She’d go along in the end, but not without grumbling. “It’s the story that’s important; not the storyteller,” she would say.
But now she is the story, and as all these tributes reveal, a huge part of many of ours.
This was what Letty did best: She inspired. She could make each of her reporters feel exceptional without resorting to flattery.
Like a good parent, she could simply discern the better bits in each of us and focus the warm beam of pride on them.
In return, we would try to rise to the occasion (I can almost hear Letty adding, “I couldn’t always tell.”)
She bookended my working years as a journalist. Her quirky insights were part of my life’s soundtrack. “Marry a doctor,” she told young, single reporters. “You won’t have to worry about making a living, and you can’t be bought.”

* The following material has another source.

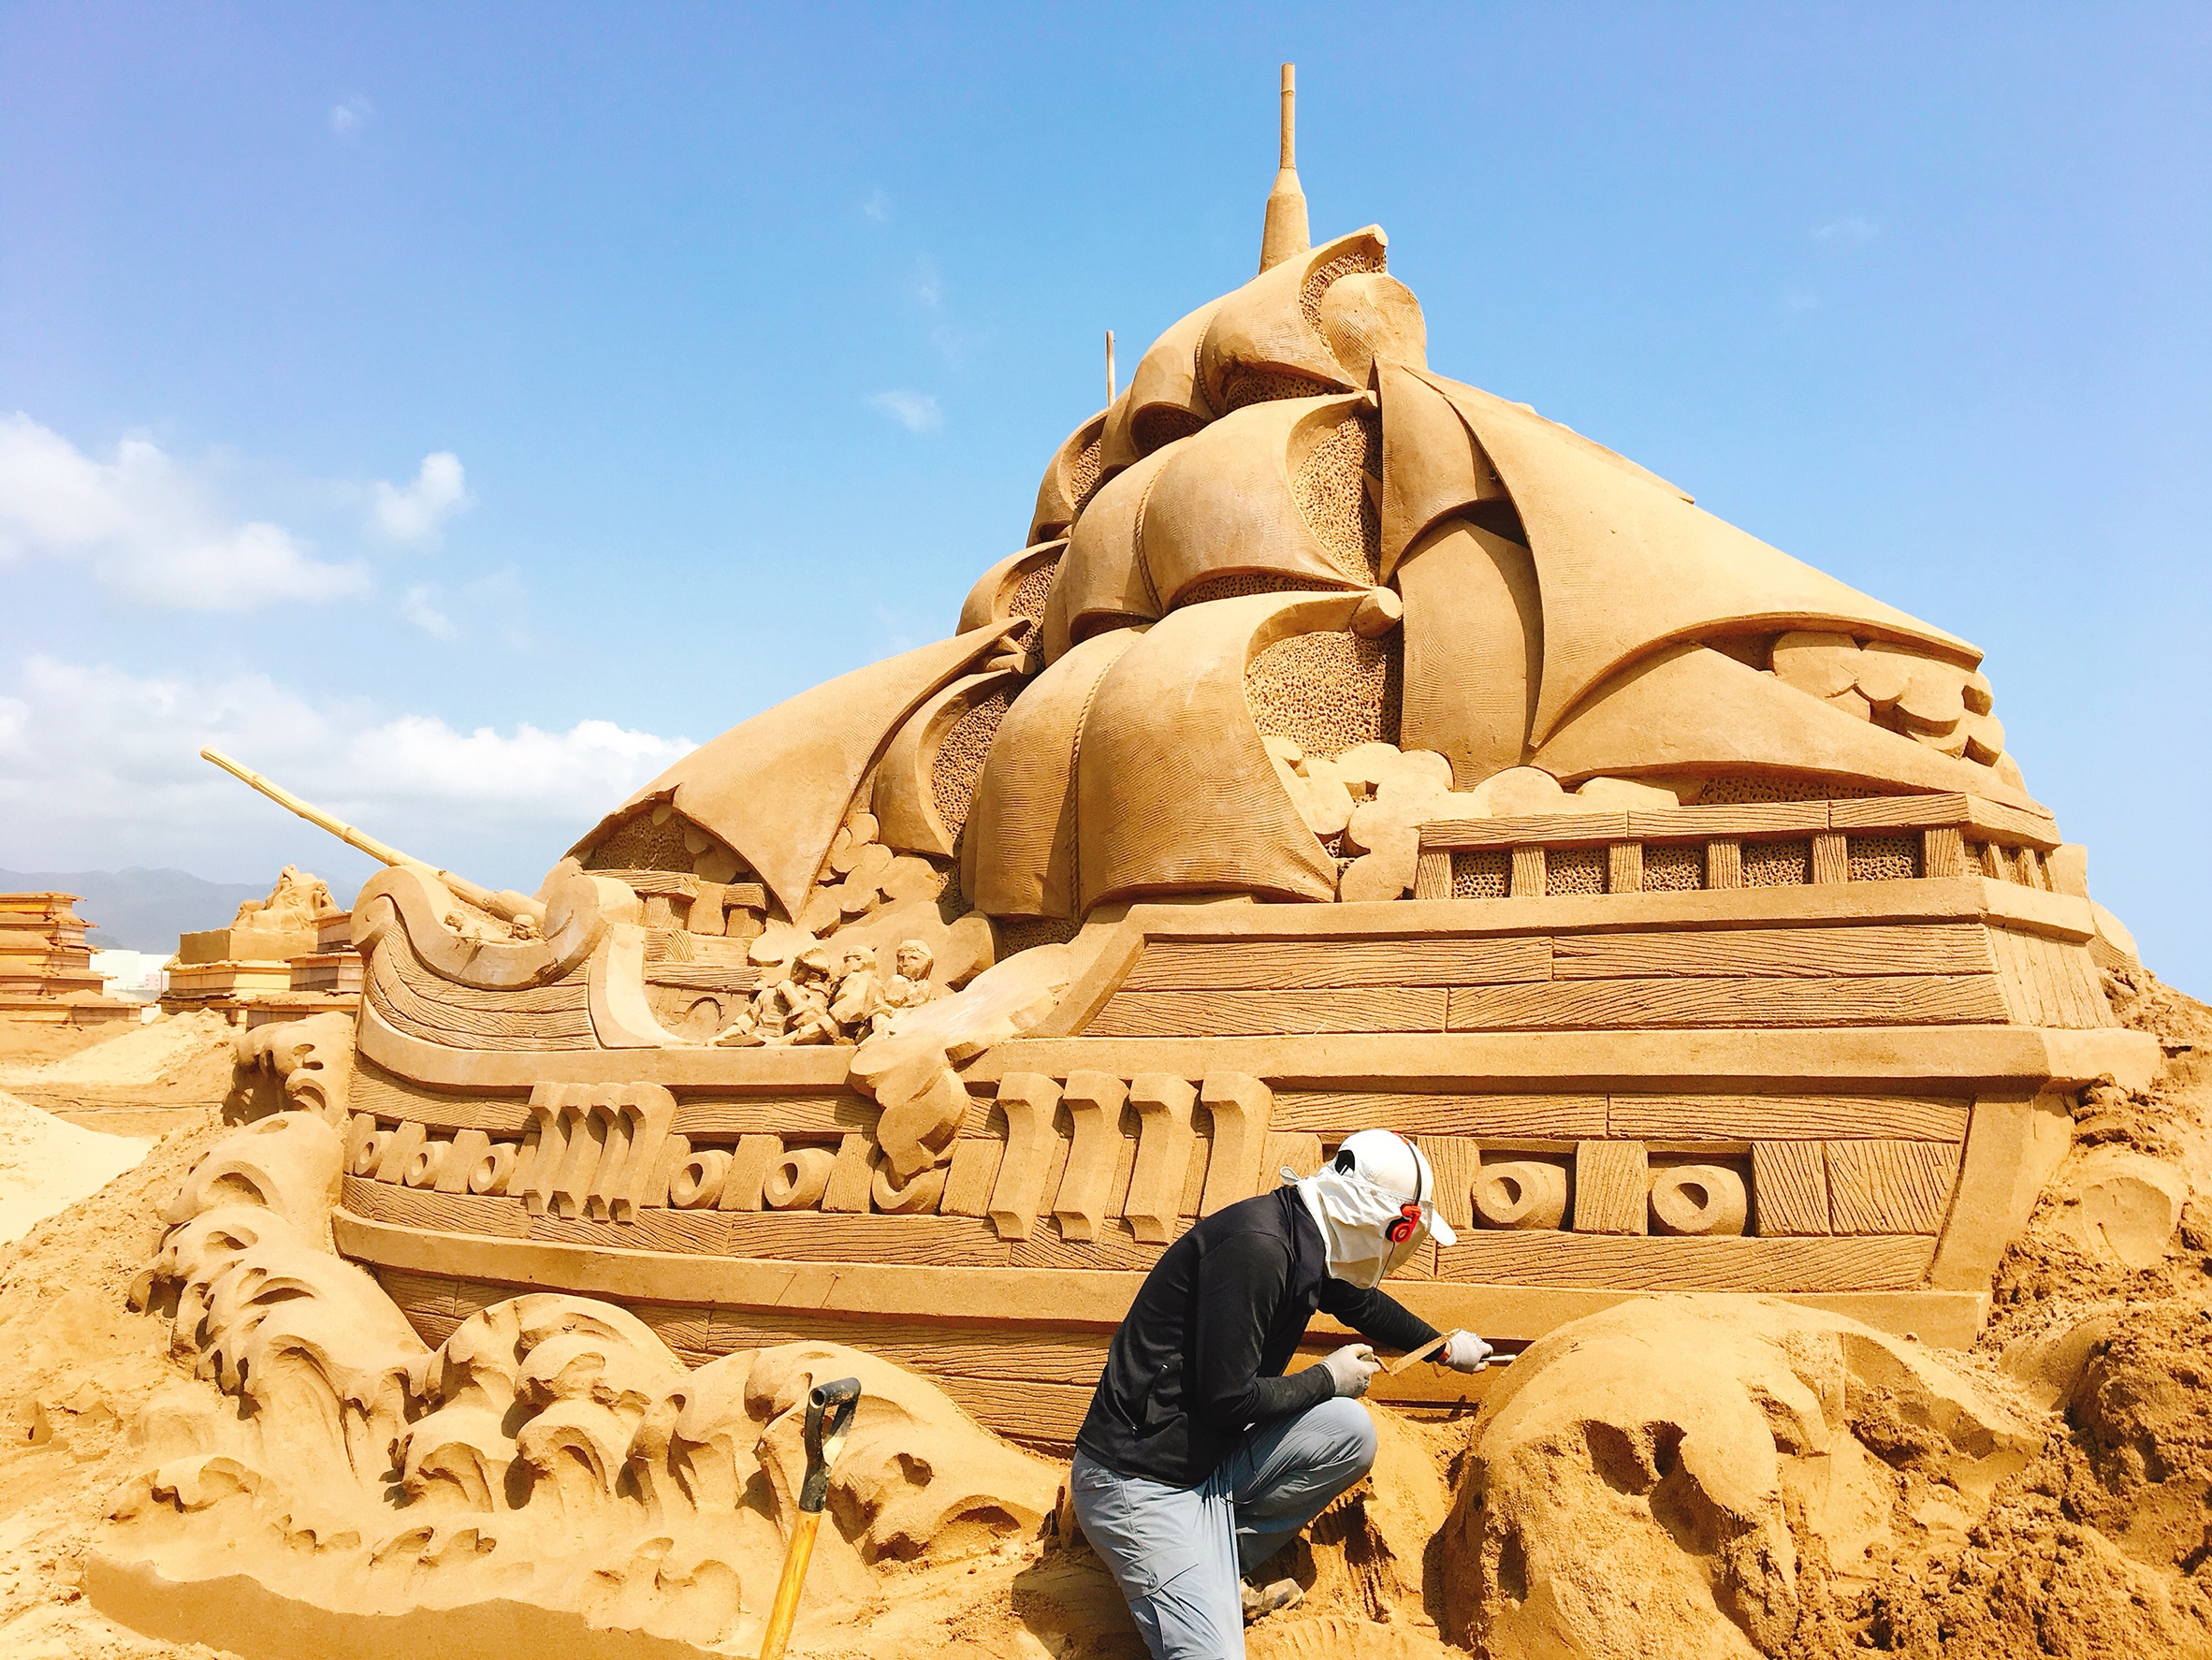 Международный сезон песчаных скульптур Fulong 2018
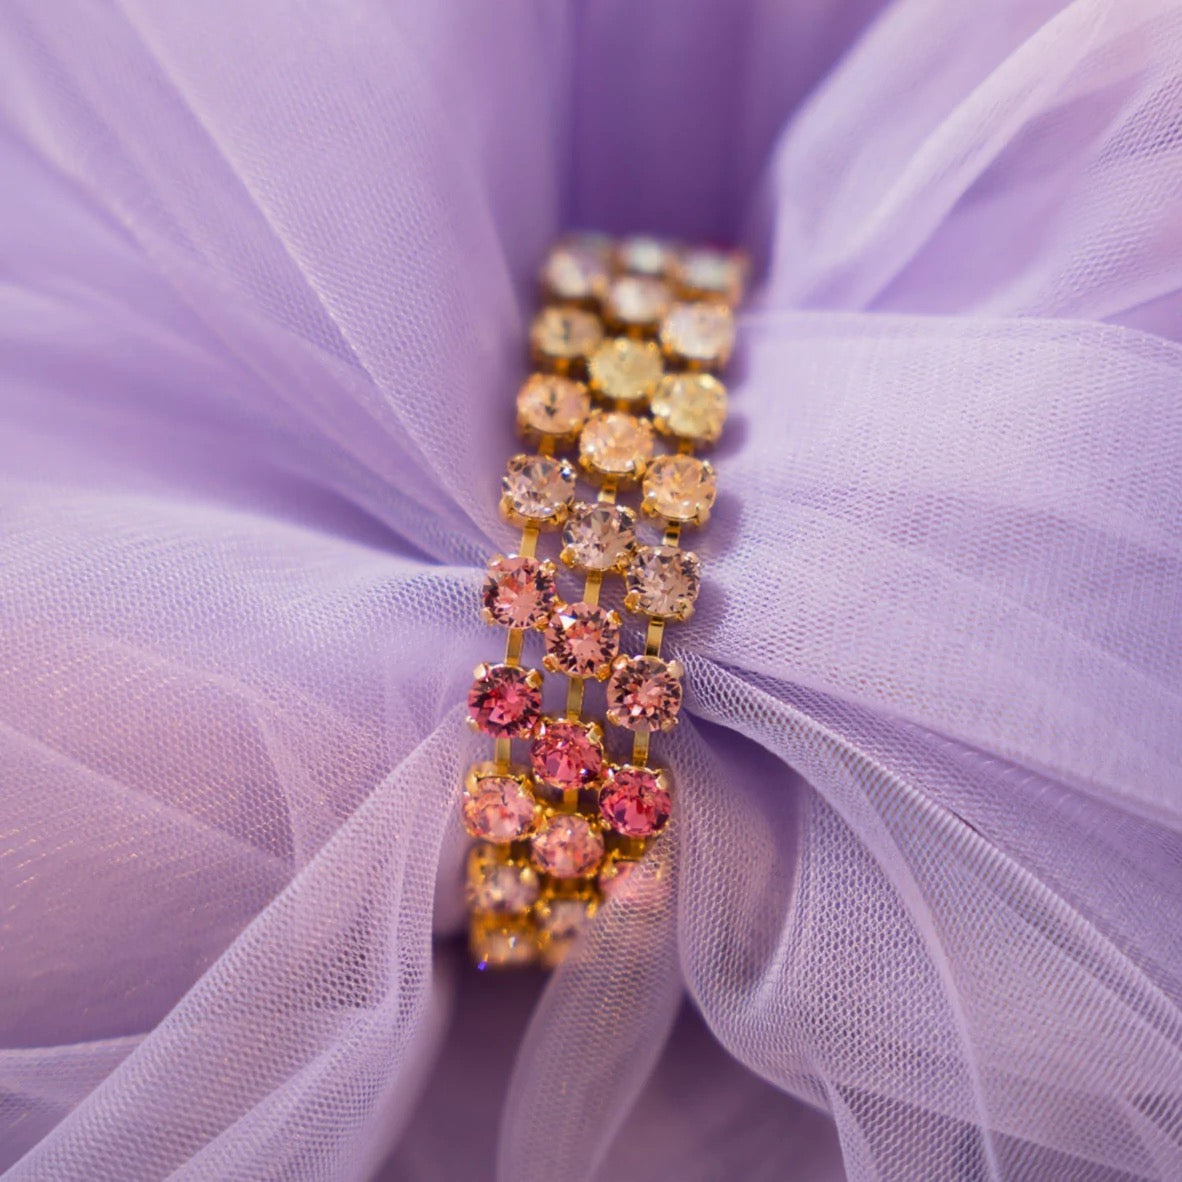 Gold Rosanna Pastel Rainbow Crystal Bracelet

One day when I was 21 and soon to get married (though not to a doctor), my mother complained to her: “Francoise is too young. She needs a past.”
Letty answered, “She’ll build her past with her husband.”
In the late 1990s, she became my boss again at the Inquirer, where I was a junior editor. Many evenings, after the first edition went to bed, we would swap stories and dissect the day’s events over a bottle of wine and a full ashtray.
Letty never tired of talking about old-school ideals of journalism, ethics and what she called “the mission” of the paper.
I wish I had a peso for each time I heard her say “the Inquirer style.” She filled those evenings with her throaty laugh, wry sense of humor and unvarnished honesty.
The last time I saw Letty was in February when I was visiting from Washington, where I live now. It was around Chinese New Year, and she gave me a small wooden Buddha. “Here,” she said. “Get lucky.”
She was my friend, and so I already was.